Adding data to an empty seisnc¶
Because xarray
needs to understand the dimensions of any data you assign it must be explicitly communicated either via labels or creating an xarray.DataArray
first.
# get the dims
dims = new_seisnc.sizes
print(dims)
dkeys = ("xline", "iline", "twt")
dsize = [dims[key] for key in dkeys]
print("keys:", dkeys, "sizes:", dsize)
Frozen({'iline': 10, 'xline': 5, 'twt': 1000}) keys: ('xline', 'iline', 'twt') sizes: [5, 10, 1000]
import numpy as np
# create some data and the dimension shapes
xline_, iline_, twt_ = np.meshgrid(new_seisnc.iline, new_seisnc.xline, new_seisnc.twt)
data = np.sin(twt_ / 100) + 2 * iline_ * np.cos(xline_ / 20 + 10)
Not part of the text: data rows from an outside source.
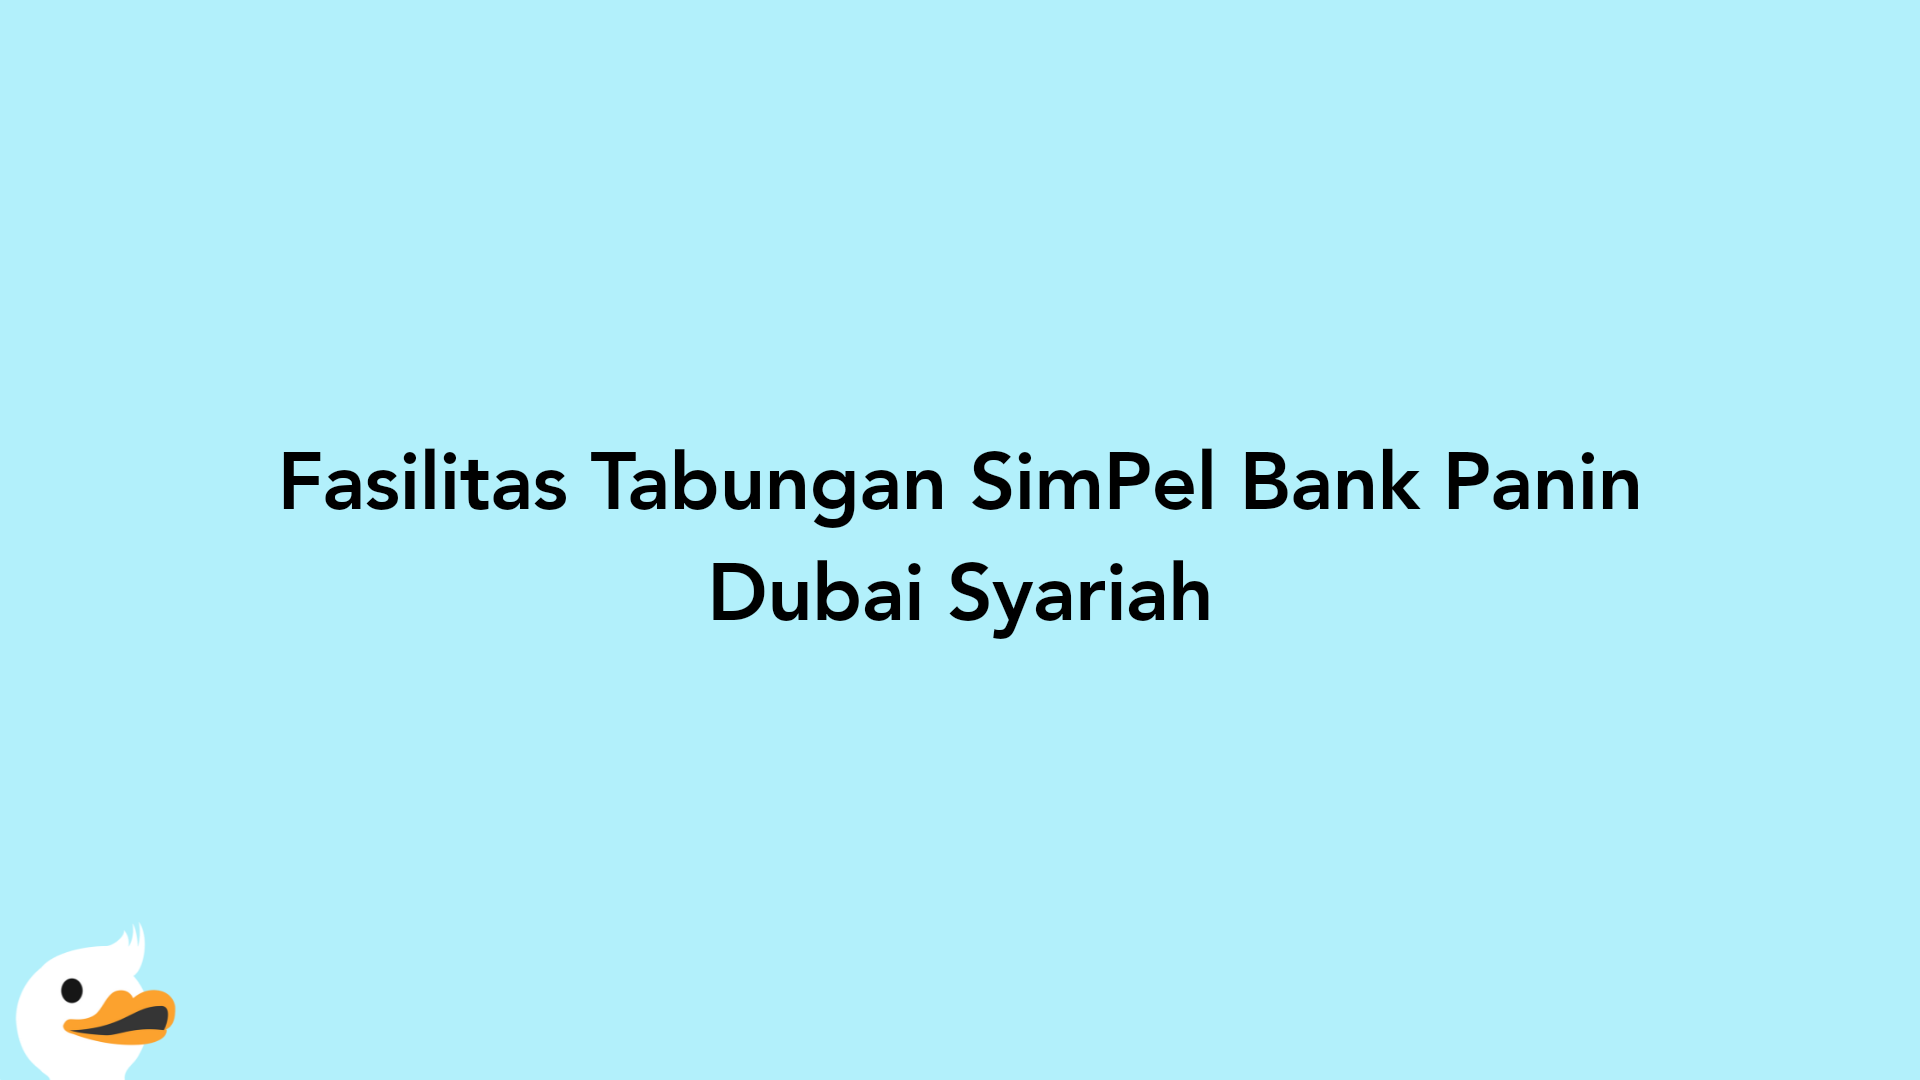 Fasilitas Tabungan SimPel Bank Panin Dubai Syariah
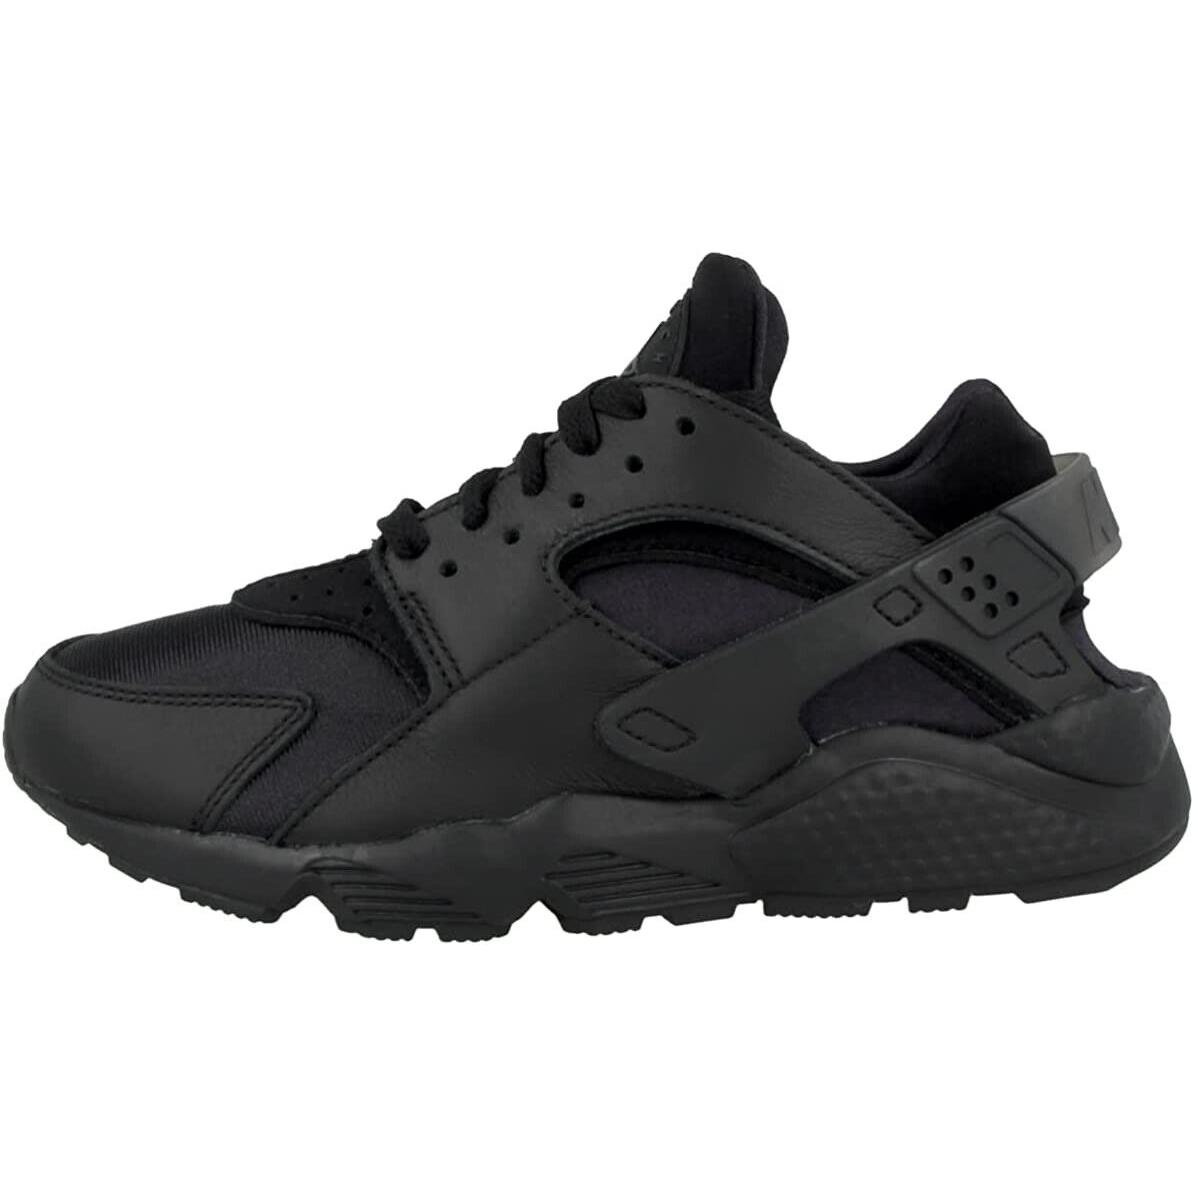 Nike Womens Air Huarache Running Shoes Box NO Lid DH4439 001 - BLACK/BLACK -ANTHRACITE
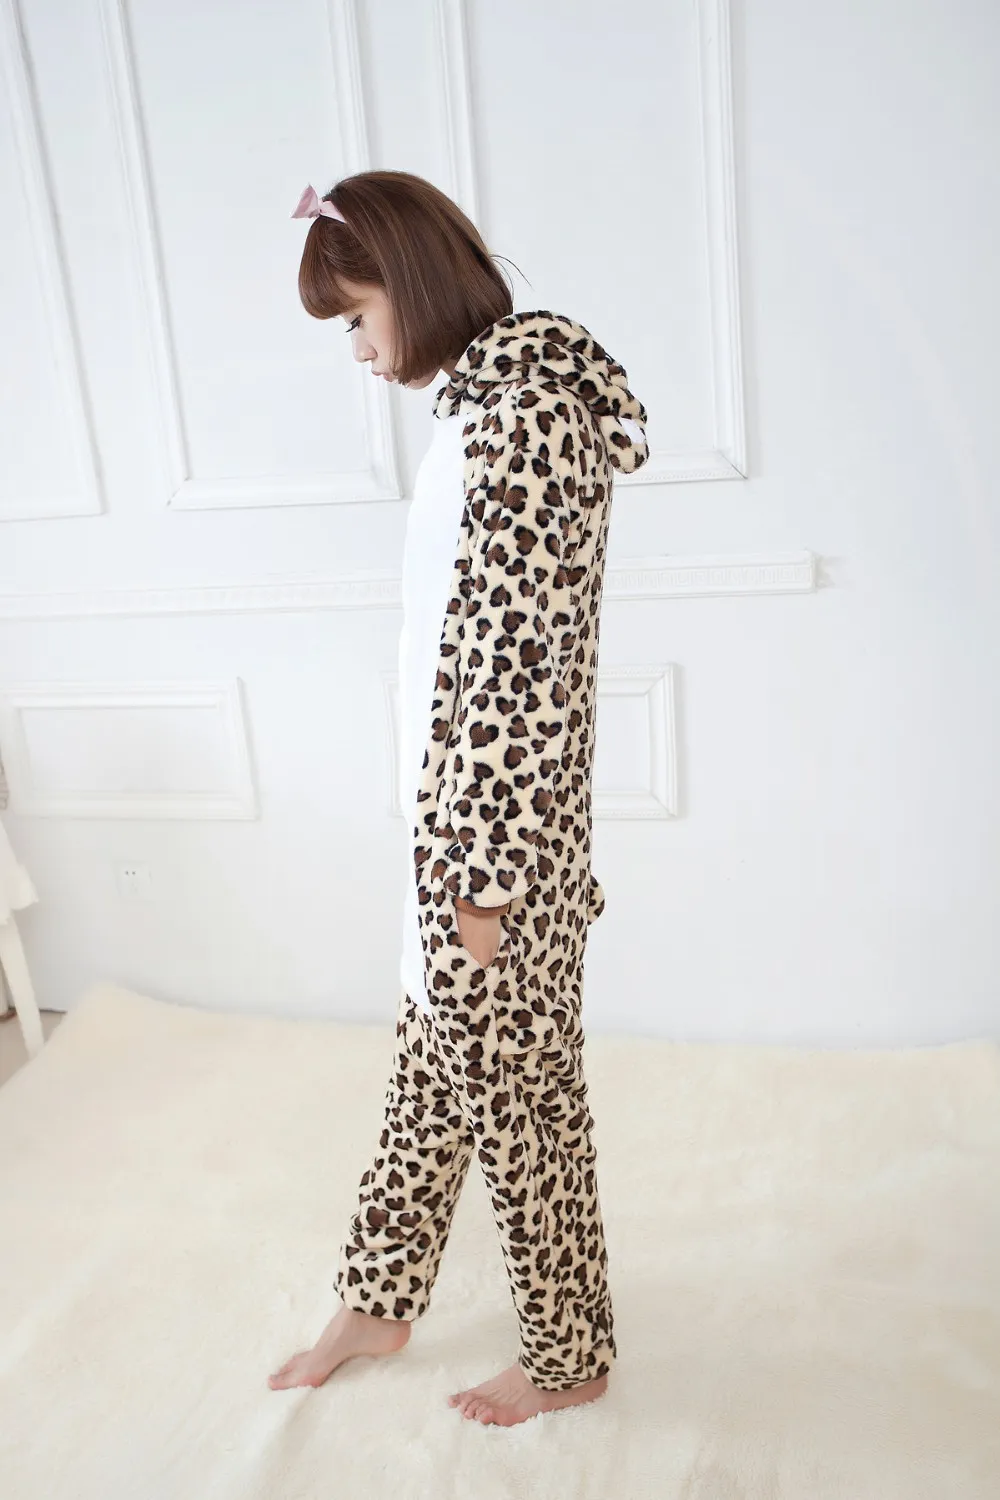 Leopardo Urso Onesies Adultos Unisex Animal Pijamas de Flanela Com Capuz Cosplay macacão Panda Pijamas Sleepwear Casa roupas macacão

# assign the data to dataset by passing in a tuple of the dimension keys and the new data
new_seisnc["data"] = (dkeys, data)
fig, axs = plt.subplots(ncols=3, figsize=(15, 5))
# axes are wrong for seismic
new_seisnc.data.sel(iline=7).plot(ax=axs[0])
# rotate the cube
new_seisnc.data.transpose("twt", "iline", "xline").sel(iline=7).plot(
ax=axs[1], yincrease=False
)
# xline is the same?
new_seisnc.data.transpose("twt", "iline", "xline").isel(xline=2).plot(
ax=axs[2], yincrease=False
)
<matplotlib.collections.QuadMesh at 0x7ffb52d145e0>
Other Useful Methods¶
Accessing the coordinates or data as a numpy
array.
# Data can be dropped out of xarray but you then need to manage the coordinates and the dimension
# labels
new_seisnc.iline.values
array([ 1, 3, 5, 7, 9, 11, 13, 15, 17, 19])
xarray.Dataset
and DataArray
have lots of great built in methods in addition to plot.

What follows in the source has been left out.